**Exercise data**.
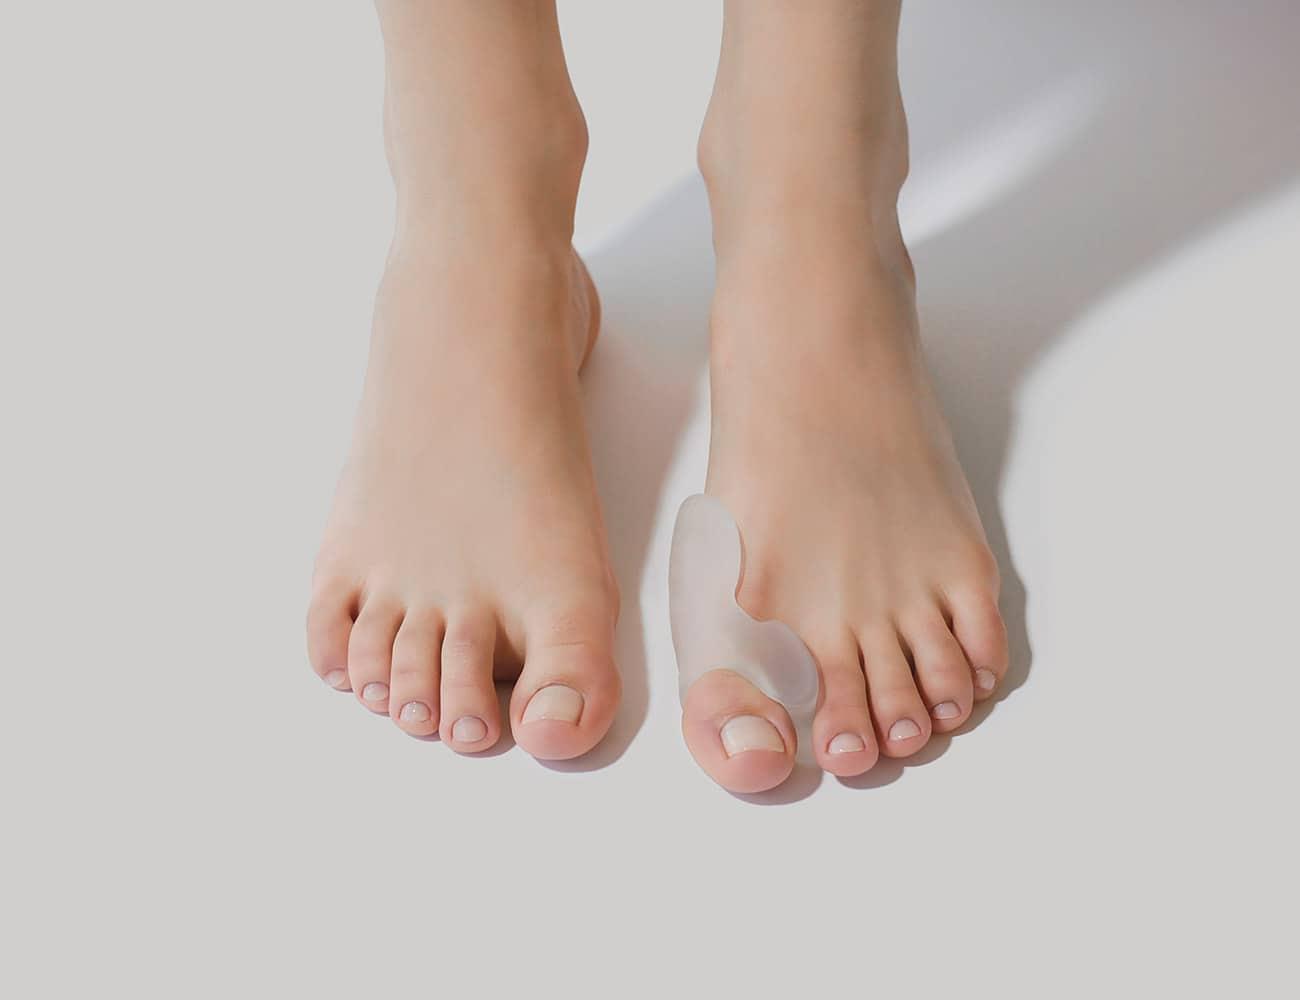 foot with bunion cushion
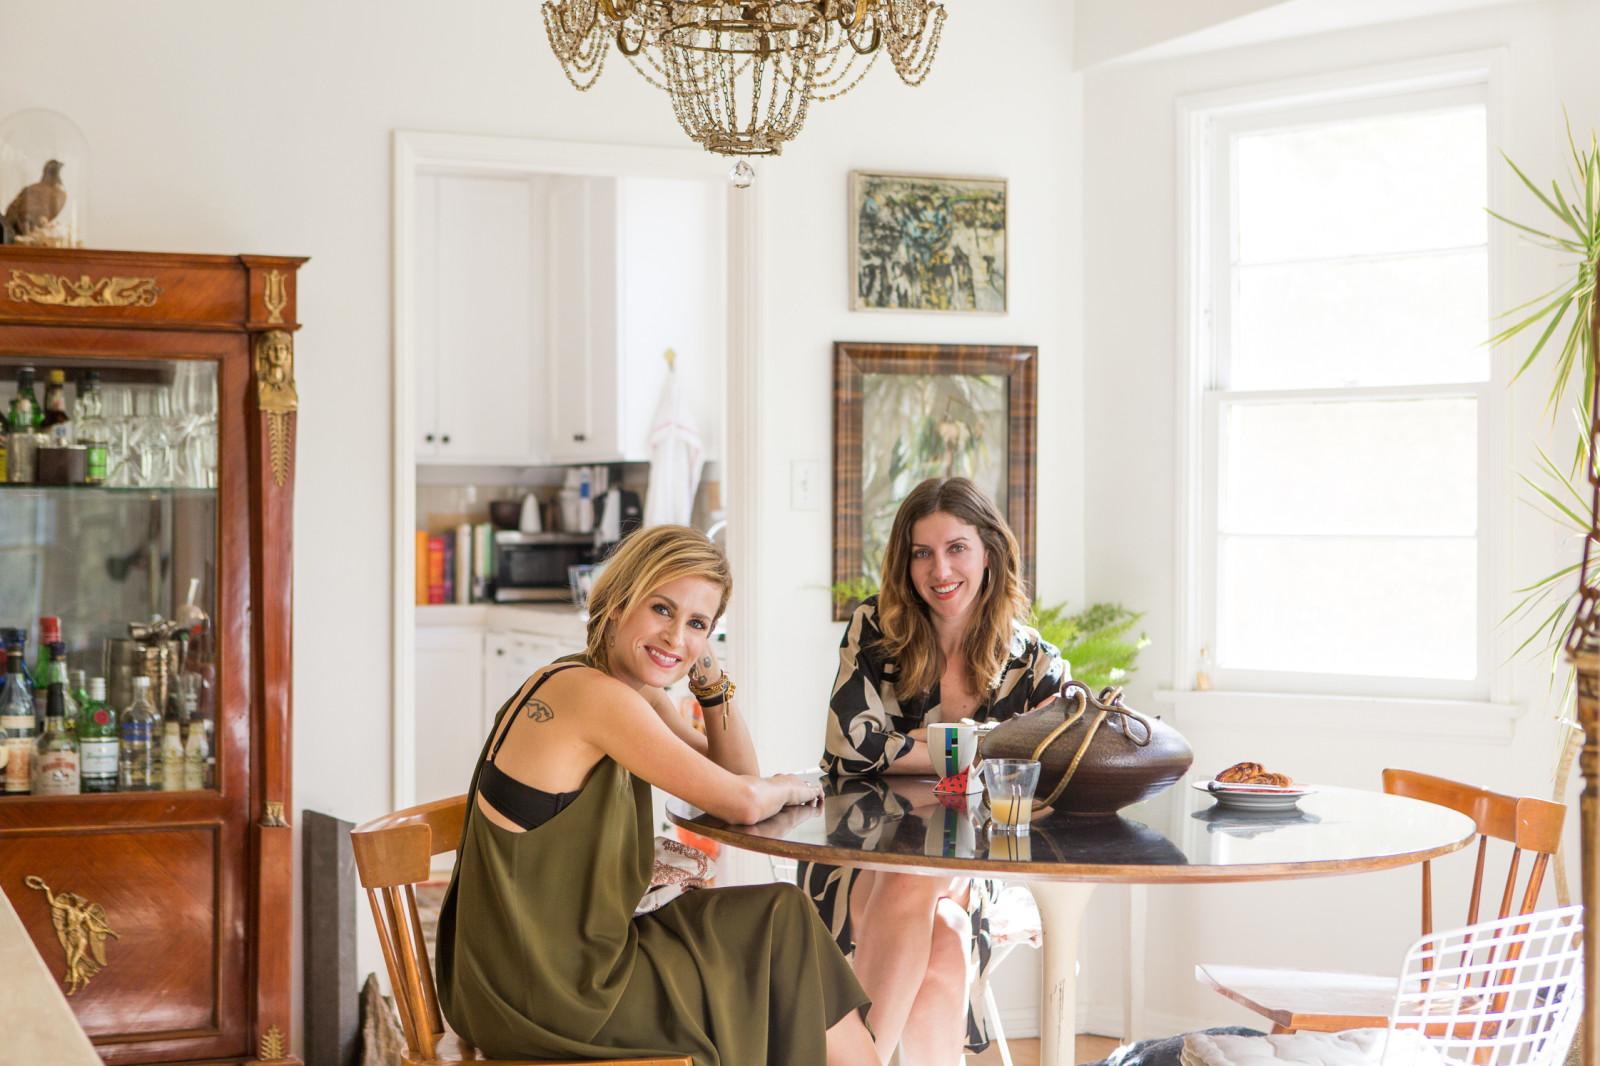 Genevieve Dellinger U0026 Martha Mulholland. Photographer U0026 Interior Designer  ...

...

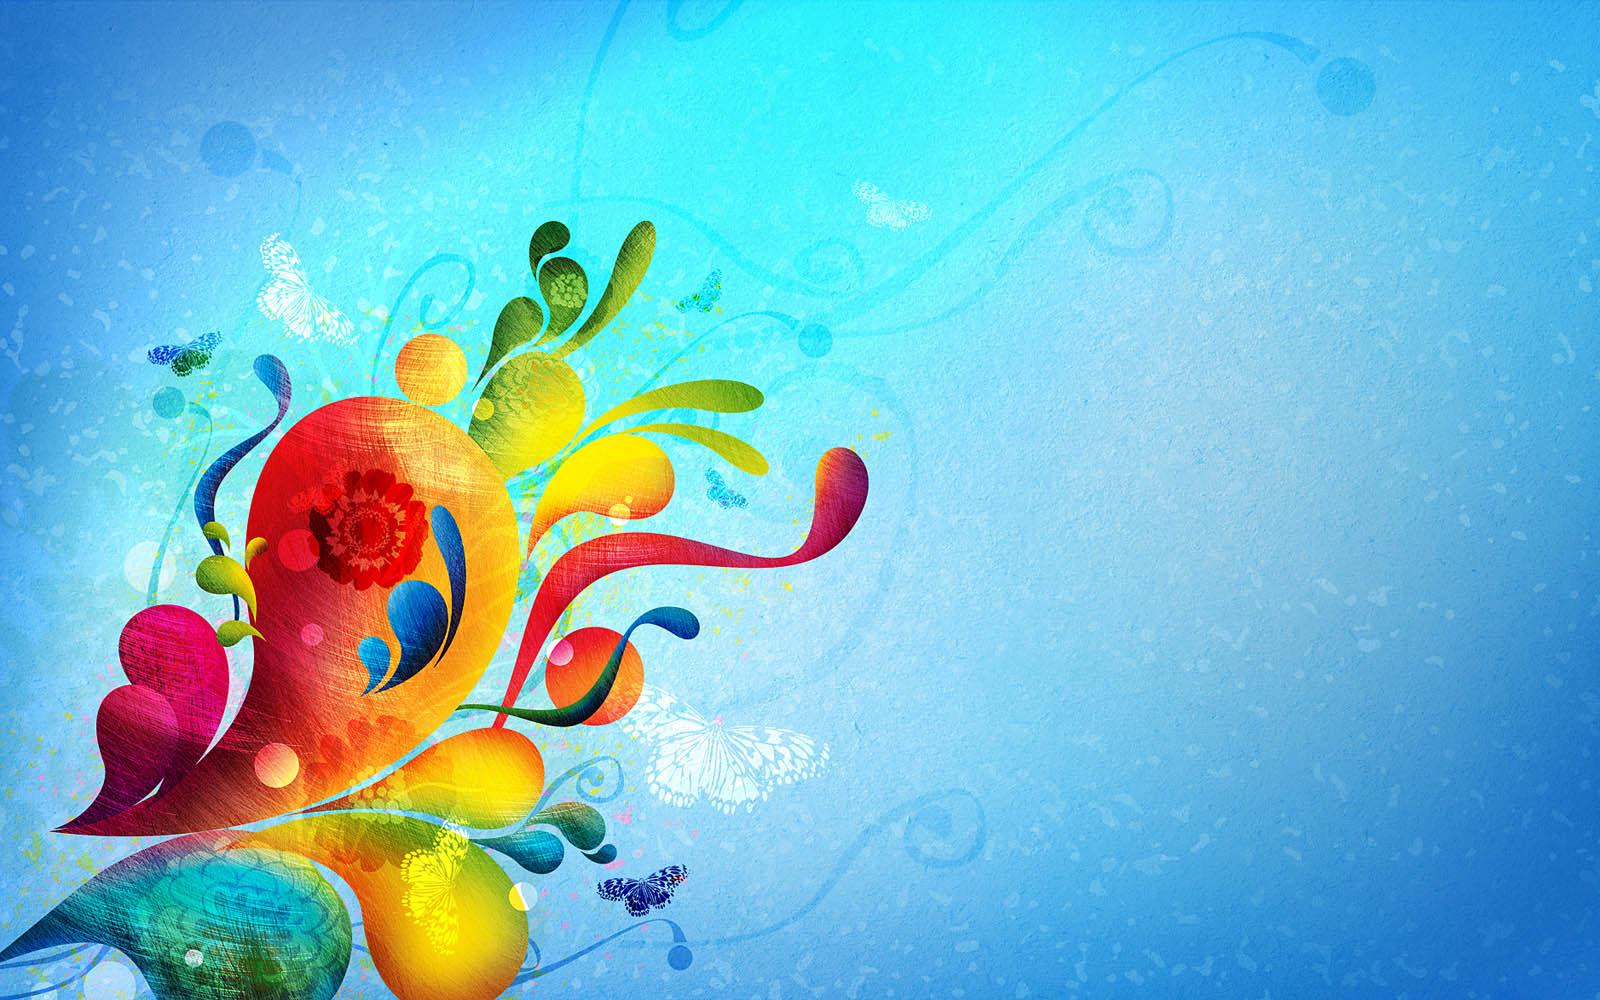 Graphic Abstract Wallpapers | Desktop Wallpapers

**Task item**. The output is the stretch above from the line with "foot with bunion cushion" through the line with "Genevieve Dellinger U0026", copied word for word with both ends kept and every picture dropped.

**Solution to the problem**.
 foot with bunion cushion
 Genevieve Dellinger U0026 Martha Mulholland. Photographer U0026 Interior Designer  ...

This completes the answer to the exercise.